Notes

ZeroMQ-based communication

OCD uses ZeroMQ to listen for events emitted by TCS as well as for internal communication. ZeroMQ makes it very simple to setup inter- and intra-process independently of the transport protocol [1]. We use the PUB/SUB pattern. This protocol allow multiple clients to connect to one publisher and one client to connect to multiple publisher.

Various OCD subcommands emit TCS-like events via ZeroMQ sockets in PUB mode.

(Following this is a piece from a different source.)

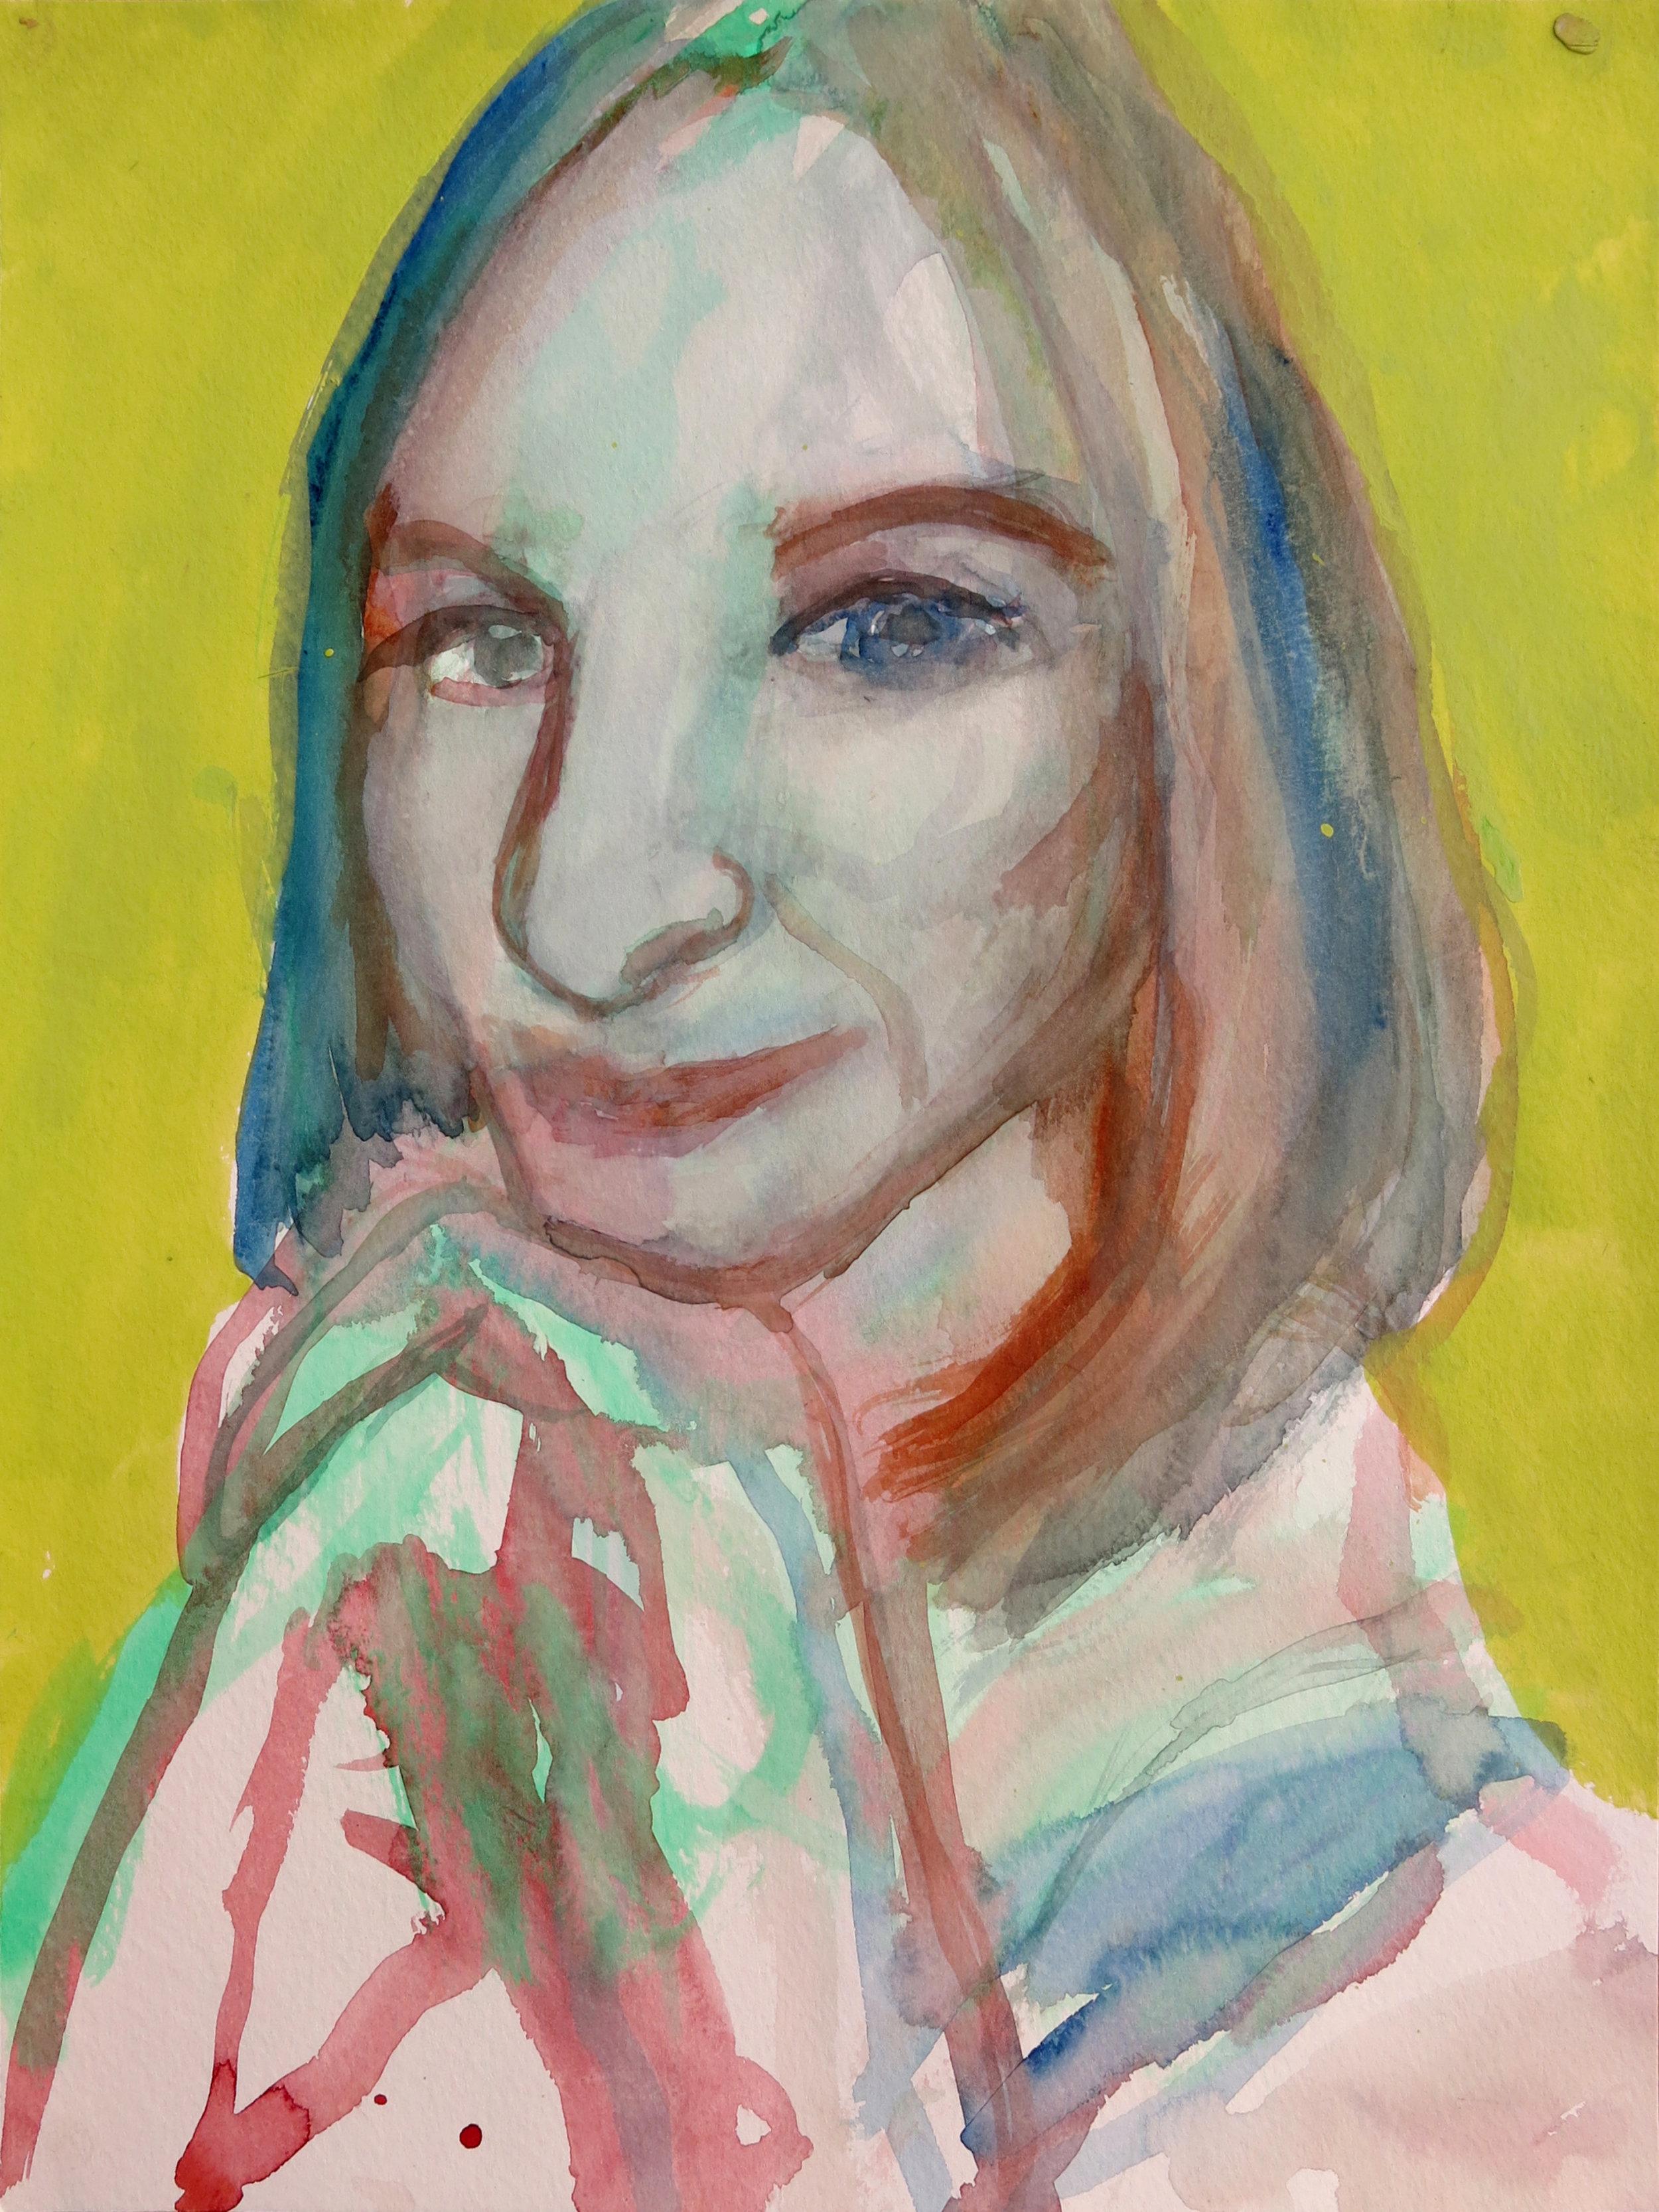 Barbra Streisand Portrait #171

The addresses are provided via the following configuration options in the [urls] section:

  • ocd_main_loop: events related with the OCD main loop execution, i.e. ocd run
  • ocd_run_shot: events emitted by observations commanded by OCD; they all originates in ocd.run_shot;
  • ocd_allow_hetdex: events emitted by the ocd allow_hetdex command;
  • ocd_db_replay: events emitted by the ocd db_replay command.

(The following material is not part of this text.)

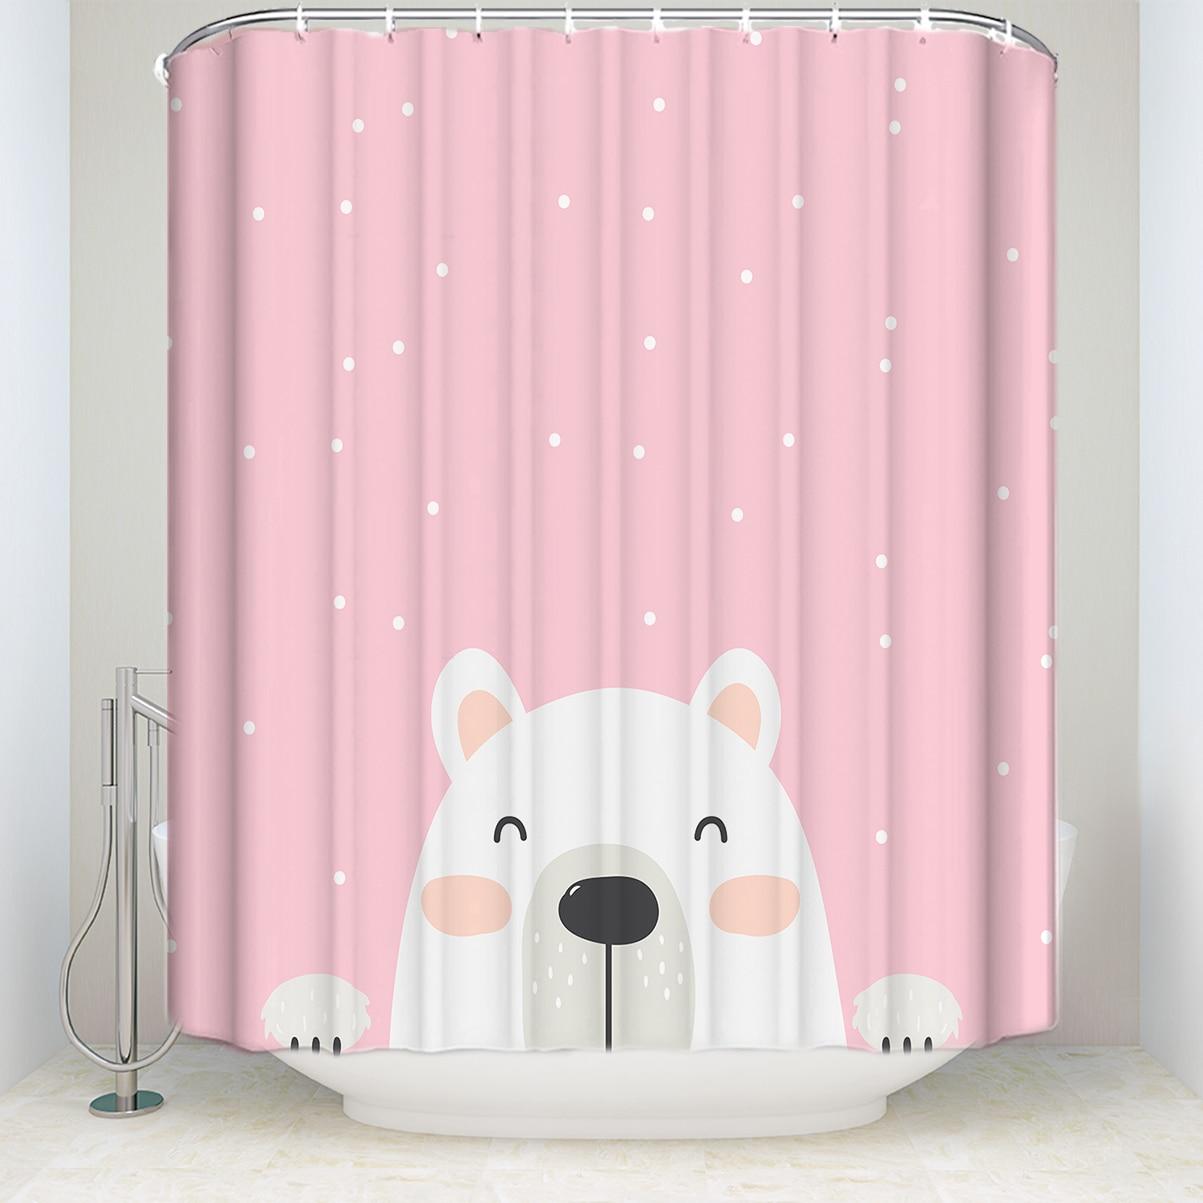 Us 17 34 35 Off Custom Waterproof Bathroom Cute Cartoon Bear Print Shower Curtain Polyester Fabric Spot Pink Bathroom Curtain In Shower Curtains

Ideally we would one one address for service, but since every publisher can bind only one address it would be impossible to run multiple OCD subcommands or multiple instances of the same subcommand without breaking the communication.

Here is an example of why we might want to have multiple subcommands running at the same time:

We start ocd run and as soon as the conditions are good for HETDEX it begins to execute shots. In this mode, the command emits events from two channels, the ocd_main_loop and the ocd_run_shot. All goes fine until one shot starts failing. At that point the RA wants to explore what is wrong with the shot by hand and temporarily disables HETDEX shot execution via the ocd allow_hetdex stop command. Then she/he can try to run the shot by hand using the ocd run_shot command, enabling the -e/--emit-events option, so that it is possible to track the shot execution via OCD. However this fails, because the ocd_run_shot address has already bound to an other process.

The solution is to provide multiple addresses for ocd_run_shot and to specify which one to use to emit signals in each of the OCD commands. The following example modifies only the relevant parts of the Master configuration file:

[urls]
ocd_main_loop = tcp://127.0.0.1:6600
ocd_run_shot = tcp://127.0.0.1:6601, ipc://run_shot.ipc

[run]
n_ocd_main_loop = 0
n_ocd_run_shot = 0

[run_shot]
n_ocd_run_shot = 1

According to this configuration, ocd run emits events at the addresses tcp://127.0.0.1:6600 and tcp://127.0.0.1:6601 and listens to tcp://127.0.0.1:6601 and ipc://run_shot.ipc, while ocd run_shot emits events at the address ipc://run_shot.ipc. This allows to execute cases like in the above example and make OCD future proofed against future services that will consume OCD events or produce events for it.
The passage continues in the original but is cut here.